> WORK INSTRUCTION
Copy out the listing below exactly, please, and skip any pictures.

> PROVIDED MATERIAL

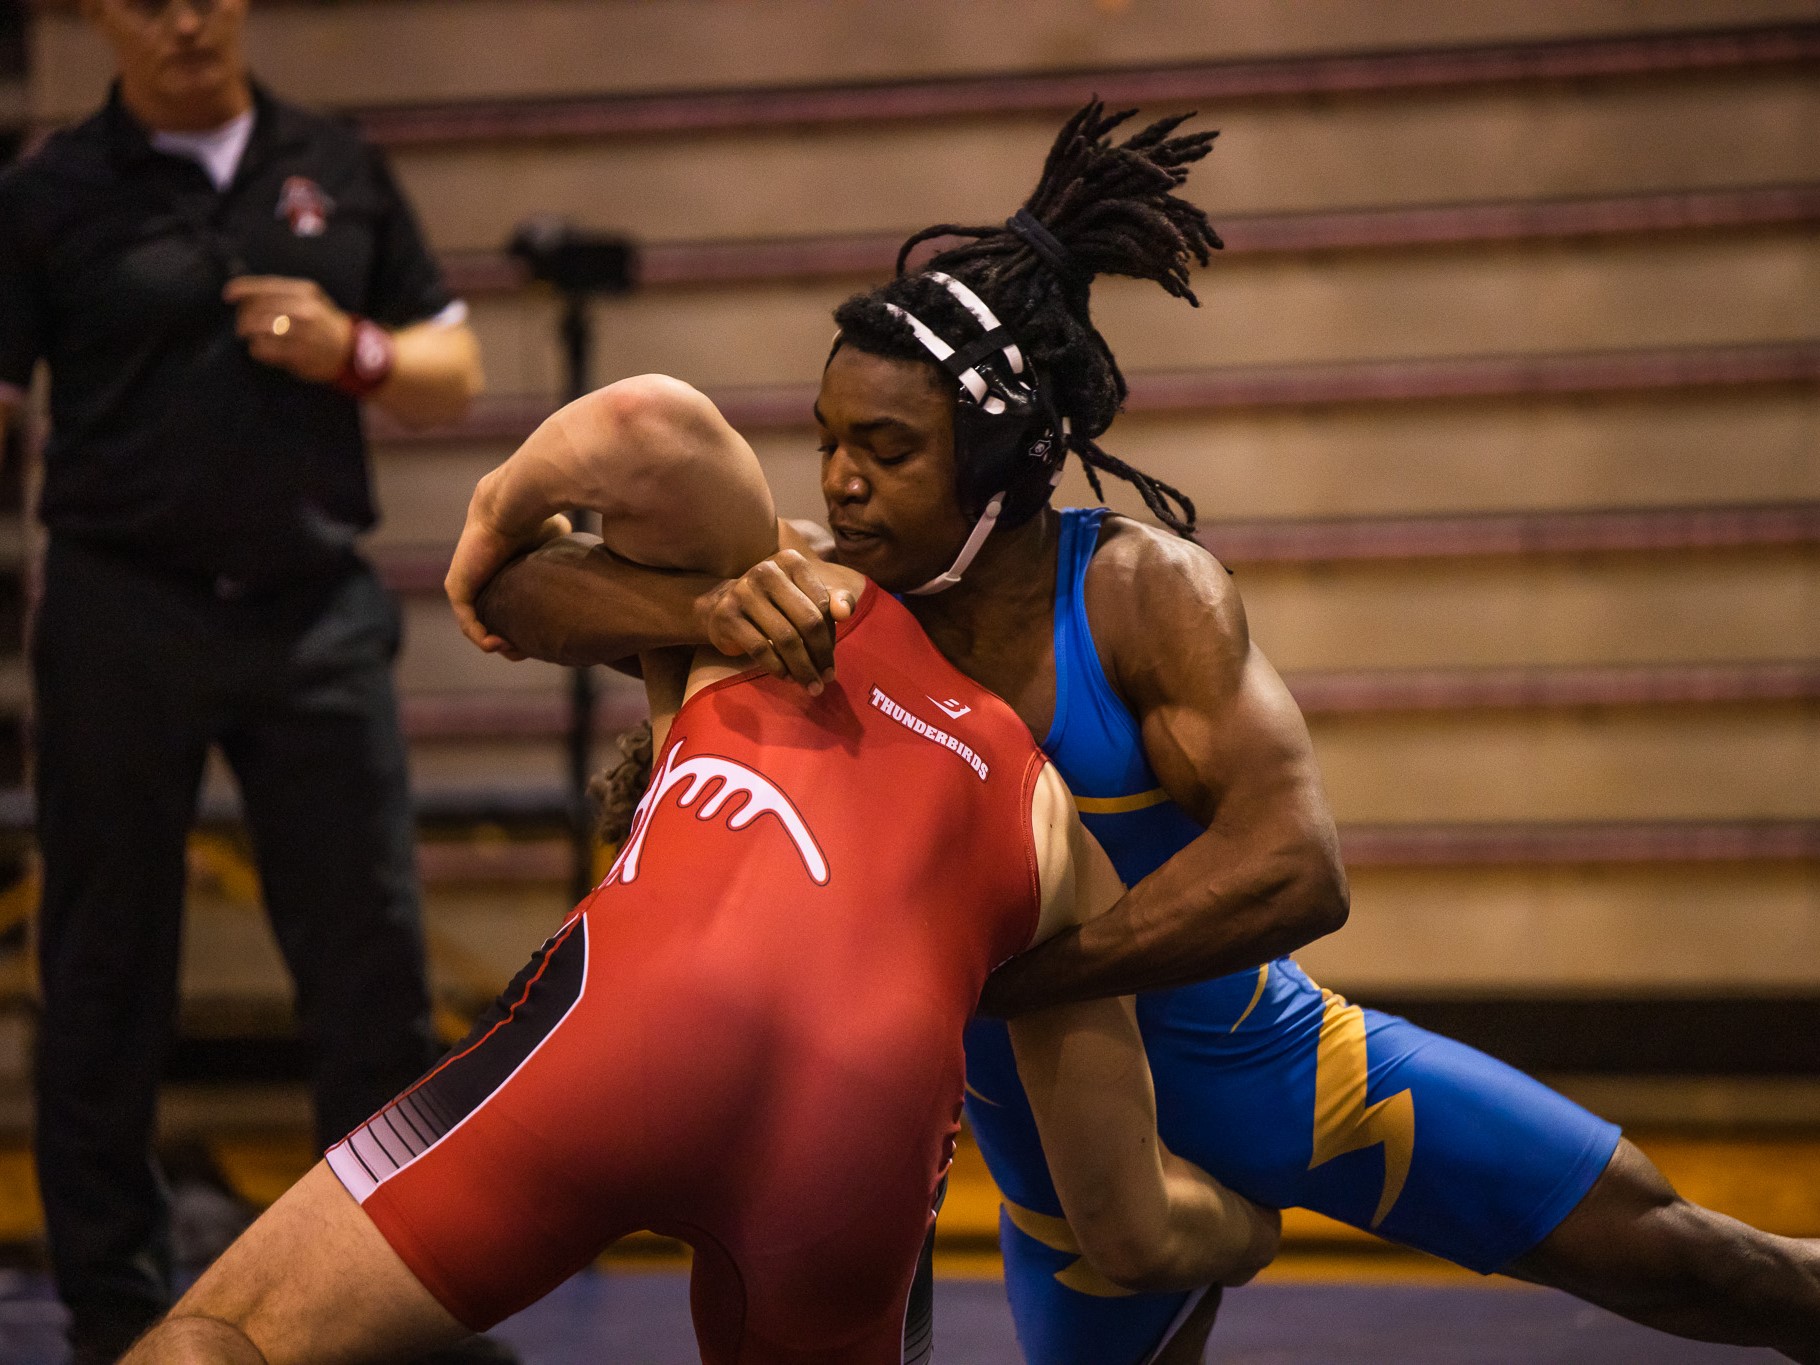 Two Rams wrestlers during a match.
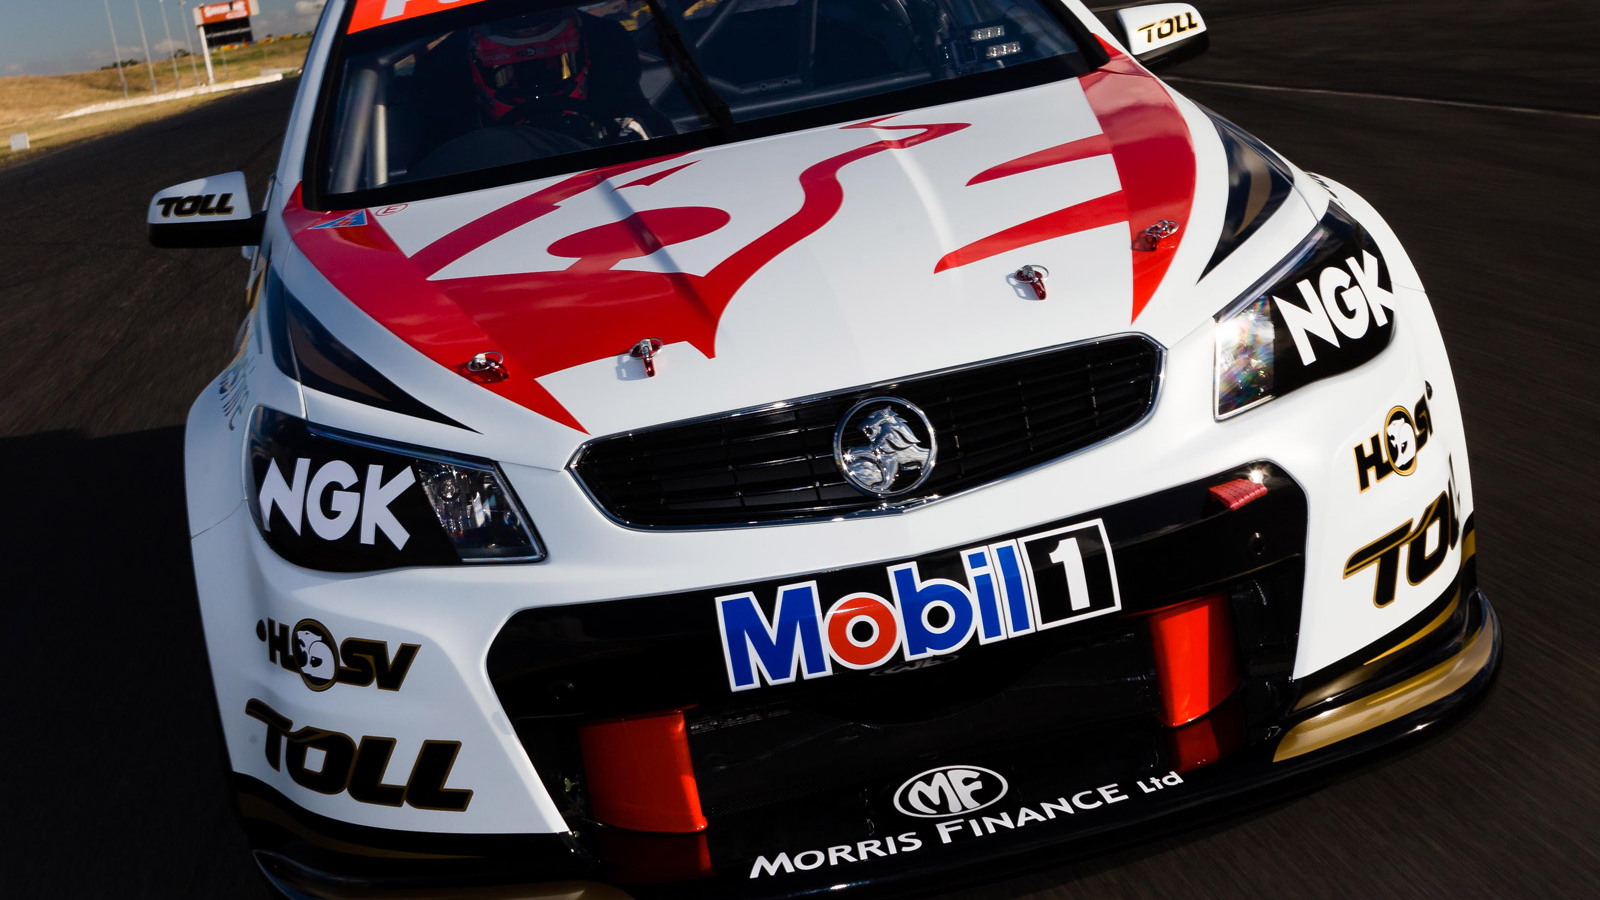 2013 Holden Commodore V8 Supercars race car
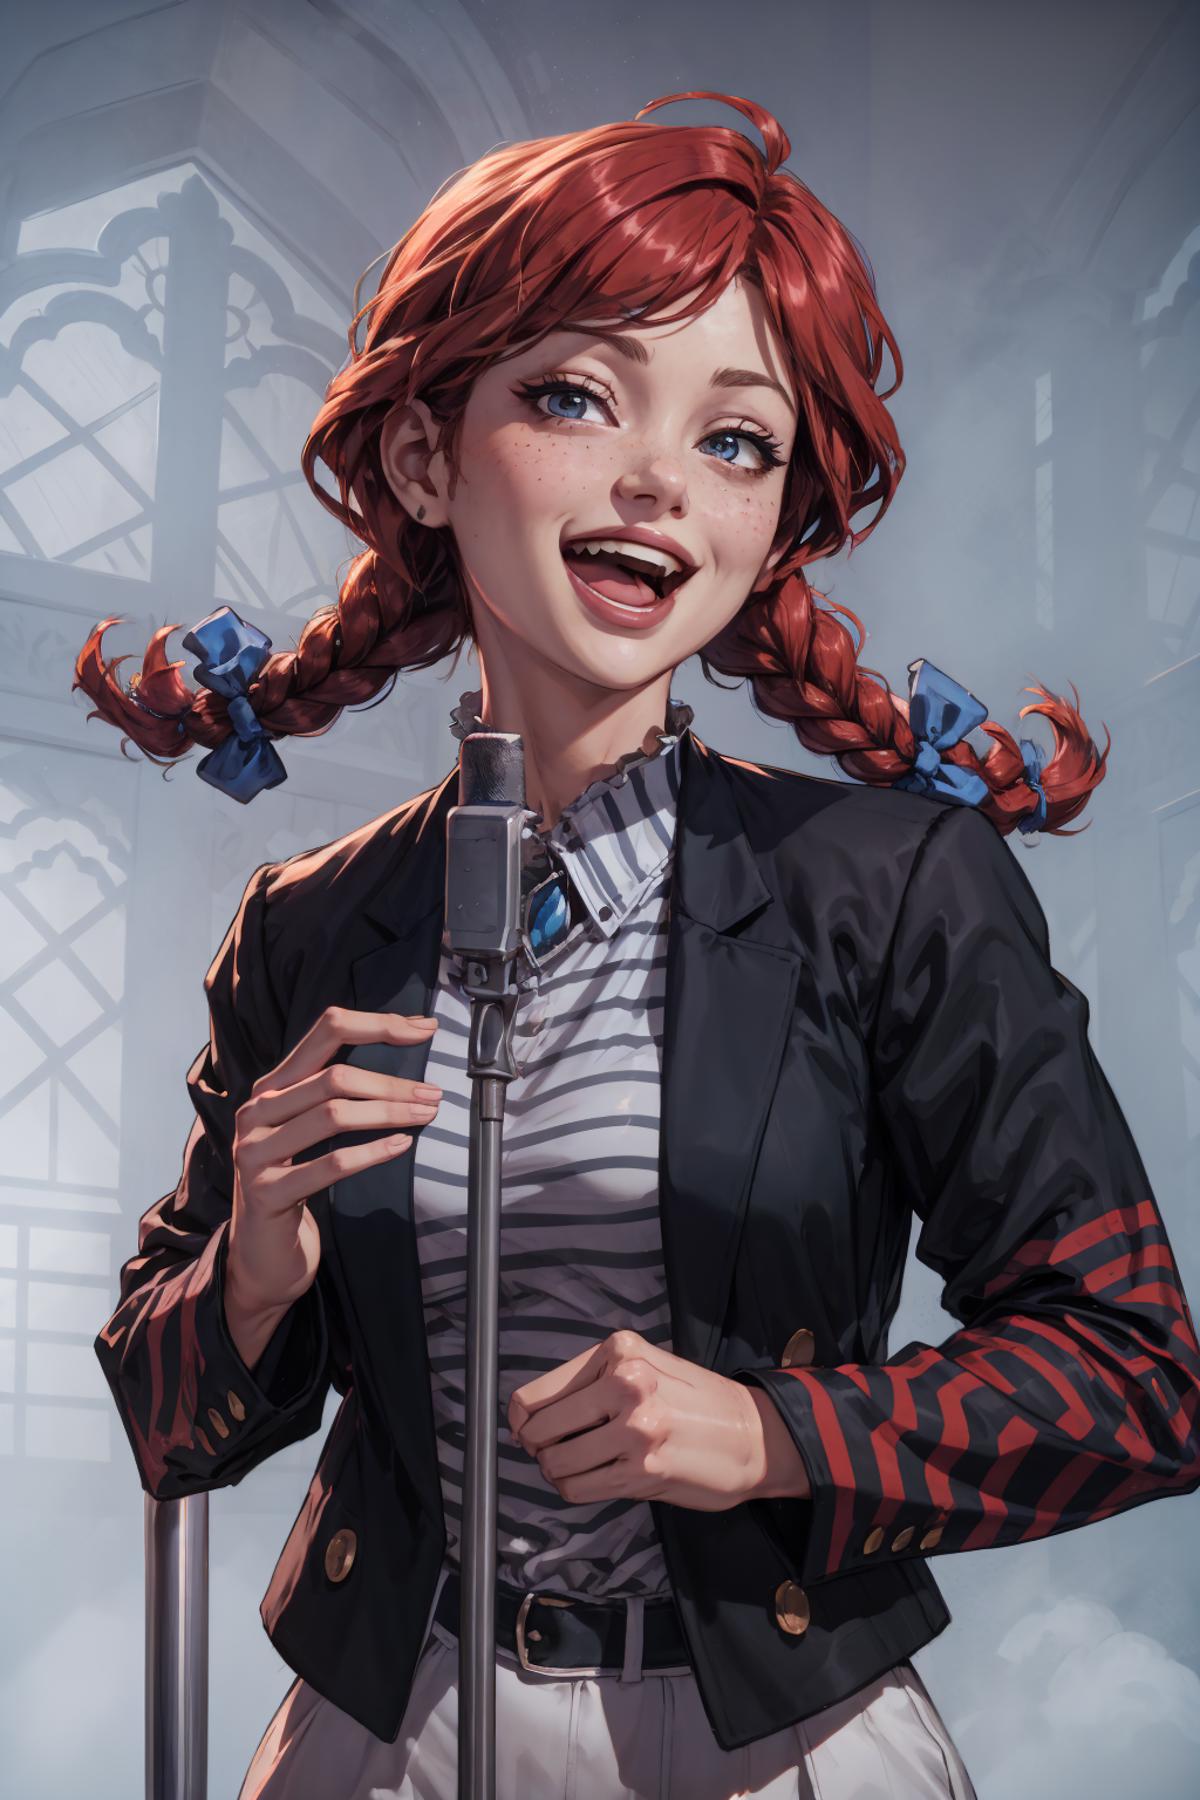 A cartoon illustration of a redheaded girl with blue eyes and red braids, wearing a black suit and striped shirt, singing into a microphone.

> OUTPUT FOR THIS EXERCISE
 Two Rams wrestlers during a match.
 2013 Holden Commodore V8 Supercars race car
 A cartoon illustration of a redheaded girl with blue eyes and red braids, wearing a black suit and striped shirt, singing into a microphone.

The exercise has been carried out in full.